En 1939, le généralissime Gamelin est convaincu que les Allemands vont une nouvelle fois choisir de traverser la Belgique pour attaquer la France. Il estime aussi que, la motorisation aidant, Hitler prévoit d’envahir du même coup la Hollande et le Luxembourg. Le 10 janvier 1940, les Belges s’emparent accidentellement du « Plan Jaune » allemand : Hitler veut effectivement envahir la Belgique neutre, mais aussi la Hollande et le Luxembourg. L’État-major français est alerté. Gamelin arrête donc les ultimes dispositions du plan « Dyle-Breda » qui prévoit de faire monter vers le Nord les unités motorisées et mécanisées françaises afin de tendre la main aux Hollandais et aux Belges et opposer ainsi un front défensif homogène à l’envahisseur, loin des frontières françaises.

Las pour les Alliés, suite à la capture de son plan d’opérations, le haut commandement de la Wehrmacht adopte un autre plan, concocté par Manstein, et qui a la faveur d’Hitler. Si les trois pays cités vont bien être envahis, l’effort principal portera contre la France, attaquée par surprise sur un point du front non-protégé par la ligne Maginot, tandis que ses armées seront déjà engagées en Belgique pour contenir l’invasion allemande.

Une part importante de l’armée française était engagée en Belgique, pendant que les Allemands perçaient dans les Ardennes.
Photo DR.

Quand vont-ils attaquer ?


Défi pour les SR, déterminer avec précision la date de l’agression ennemie. Le 28 juin 1914 à Sarajevo, un événement imprévisible va servir d’étincelle, libérant l’engrenage fatal des alliances militaires. Dans les semaines qui suivent, et malgré les déclarations de bonnes intentions qui se succèdent dans les chancelleries, chaque capitale européenne sent que la marche à la guerre est inévitable à cause des dispositions prévues par les différents plans d’opérations. Dès la mi-juillet 1914, le SR ne cesse de prévenir le haut commandement que l’armée allemande convoque discrètement ses réservistes, fait revenir ses permissionnaires ou réquisitionne des chevaux, autant de mesures préparatoires à l’ouverture d’un conflit. Le 31 juillet, la déclaration du « Kriegsgefahrzustand » pousse Joffre à demander au ministre de la Guerre la mise en place du dispositif de couverture protégeant la mobilisation. Le SR prévient ensuite Paris de la violation de la frontière belge, signal que Joffre attend pour déclencher les offensives du Plan XVII.

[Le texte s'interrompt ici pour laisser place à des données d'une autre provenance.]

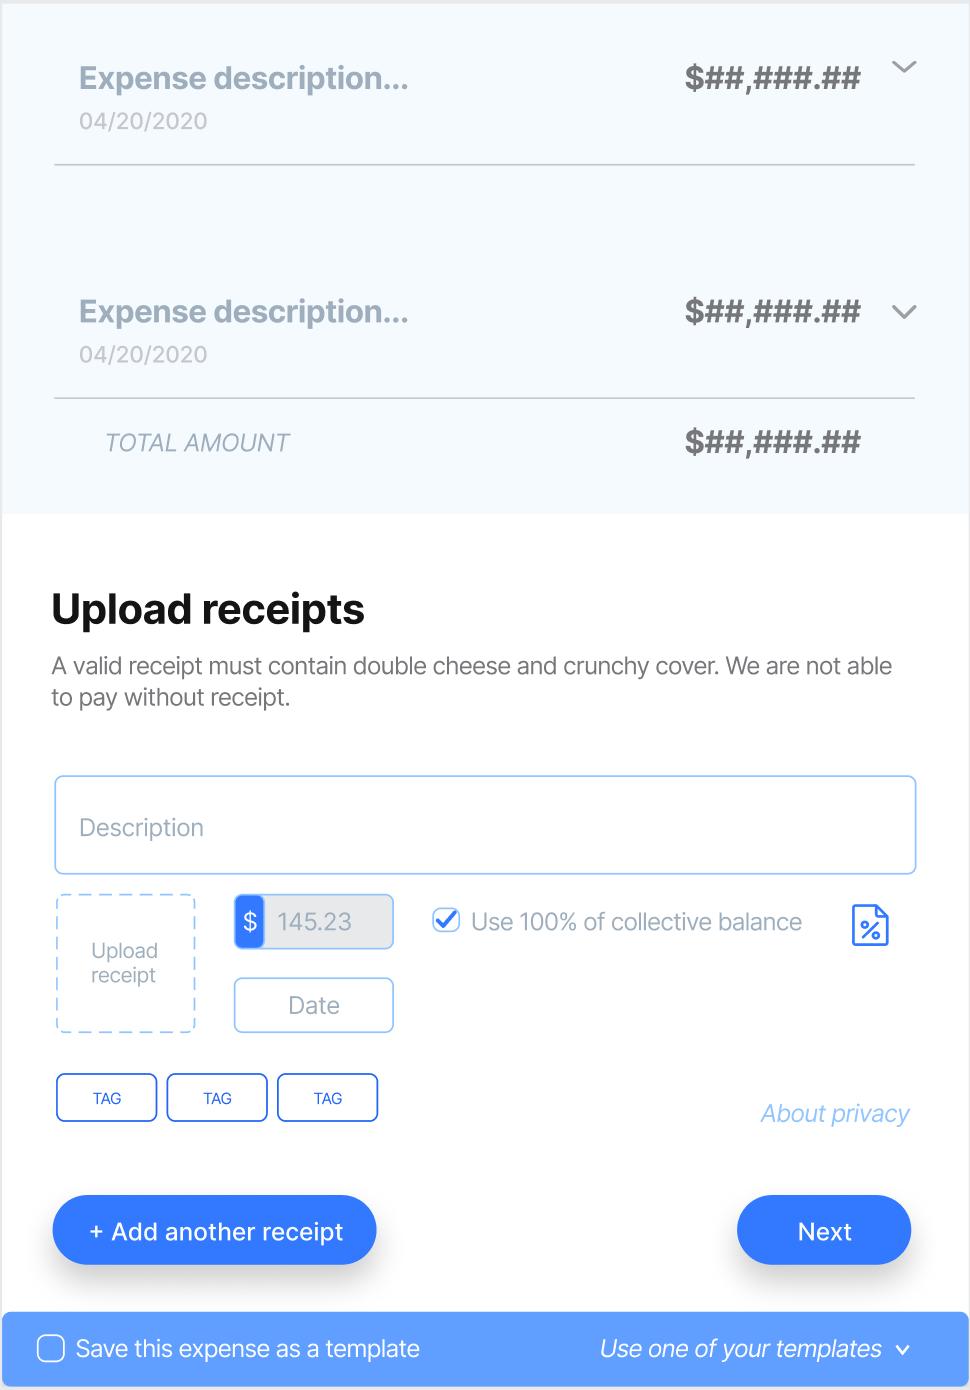 Batch expense

En septembre 1939, rien de tout cela, puisque l’ouverture des hostilités est provoquée par la déclaration de guerre franco-britannique à l’Allemagne, elle-même consécutive à l’agression contre la Pologne. On tombe aussitôt dans un état de guerre larvée à l’Ouest : la « drôle de guerre ». Á l’issue de la campagne de Pologne et après les affrontements en Norvège, l’interrogation majeure est de déterminer le moment où Hitler compte lancer son offensive à l’Ouest. Après une série de fausses alertes, pendant lesquelles les nerfs de l’armée française sont mis à rude épreuve, le SR parvient à indiquer, dans la première semaine de mai 1940, que l’assaut nazi va se produire entre les 10 ou 11 du même mois.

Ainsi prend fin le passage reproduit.